Don Feder Will Bubba get
away with it again?

(JWR) --- (http://www.jewishworldreview.com) IN THE MOVIE "L.A. CONFIDENTIAL," a young detective is asked why he became a cop. He reveals that his father was killed in the line of duty by a thief who was never caught. The son made up a name for his father's murderer, "Rollo Tomasi," to make him more real.

He joined the force to get the guy who gets away with it.

Rollo Tomasi goes through life breaking oaths, breaking the law and generally violating the norms of decency. Bill Clinton is Rollo Tomasi.

Revelations that would ruin a lesser mortal cause his ratings to rise.

Will Bubba star as himself
in a remake of this flick?
Subpoenas, his voice on telephone tapes, grand-jury testimony -- apparently, nothing matters.

Clinton's career as an escape artist began in 1969, when he lied, cajoled and enlisted the powerful to avoid the draft in a war where more than 58,000 of his contemporaries died.

Few seem care that the leader who now sends airmen in harm's way over the skies of Iraq himself refused to serve his country.

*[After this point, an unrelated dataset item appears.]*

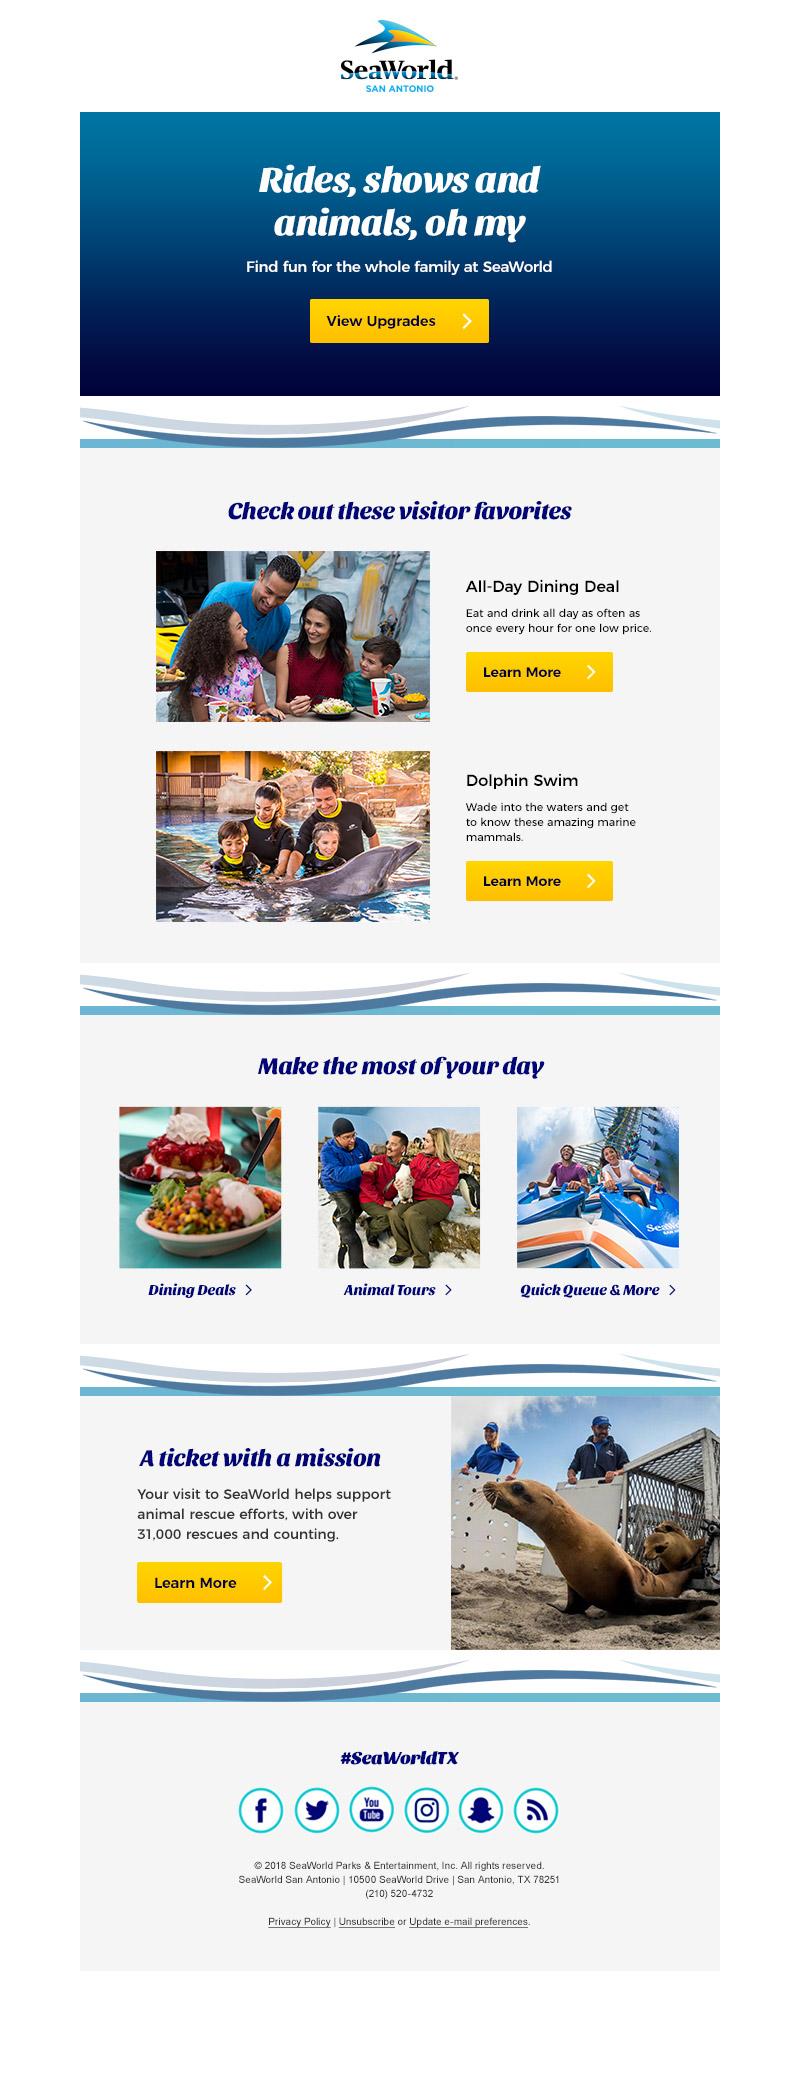 Post purchase upgrade email (SeaWorld San Antonio)

Clinton also evaded responsibility for Whitewater -- a legendary scam involving fraudulent SBA loans, the looting of a savings and loan that ultimately cost taxpayers $57 million, a Clinton-appointed regulator keeping a financial institution open long after its insolvency was known and fat legal fees paid to St. Hillary.

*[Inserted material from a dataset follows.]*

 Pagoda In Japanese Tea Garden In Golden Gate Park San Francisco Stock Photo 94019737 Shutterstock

The president has been implicated in criminal activity related to Whitewater and Madison Guarantee by both David Hale and the late James McDougal.

Four of his close associates, including former Arkansas Gov. Jim Guy Tucker, have gone to jail for Whitewater offenses. Susan McDougal spent 14 months behind bars for refusing to testify about Clinton's involvement. The president has yet to be brought to justice.

Gary Hart's 1988 presidential campaign foundered after a short sail on The Monkey Business.

Clinton's Arkansas years were filled with hundreds of affairs -- women procured by his security detail, one-night stands, oral sex in parked cars, "residuals" passed out like party favors and state funds used for amorous pursuits.

Not all of the "ripe peaches" consented to be plucked. Kathleen Willey charges the president assaulted her. Paula Jones was paid $850,000 to end a sexual harassment suit the Clintonistas insisted was totally without merit. To keep this laundry off the line, Clinton and his operatives have smeared, intimidated and shoveled dirt by the metric ton.

Gennifer Flowers, Paula Jones and Kathleen Willey were branded bimbos, disenchanted groupies, trailer-park trash trawled with $100 bills.

When Jones' case was pending, the president's lawyer announced he would put the lady's character on trial. Absent DNA evidence, the White House would still be claiming that Monica Lewinsky was a stalker.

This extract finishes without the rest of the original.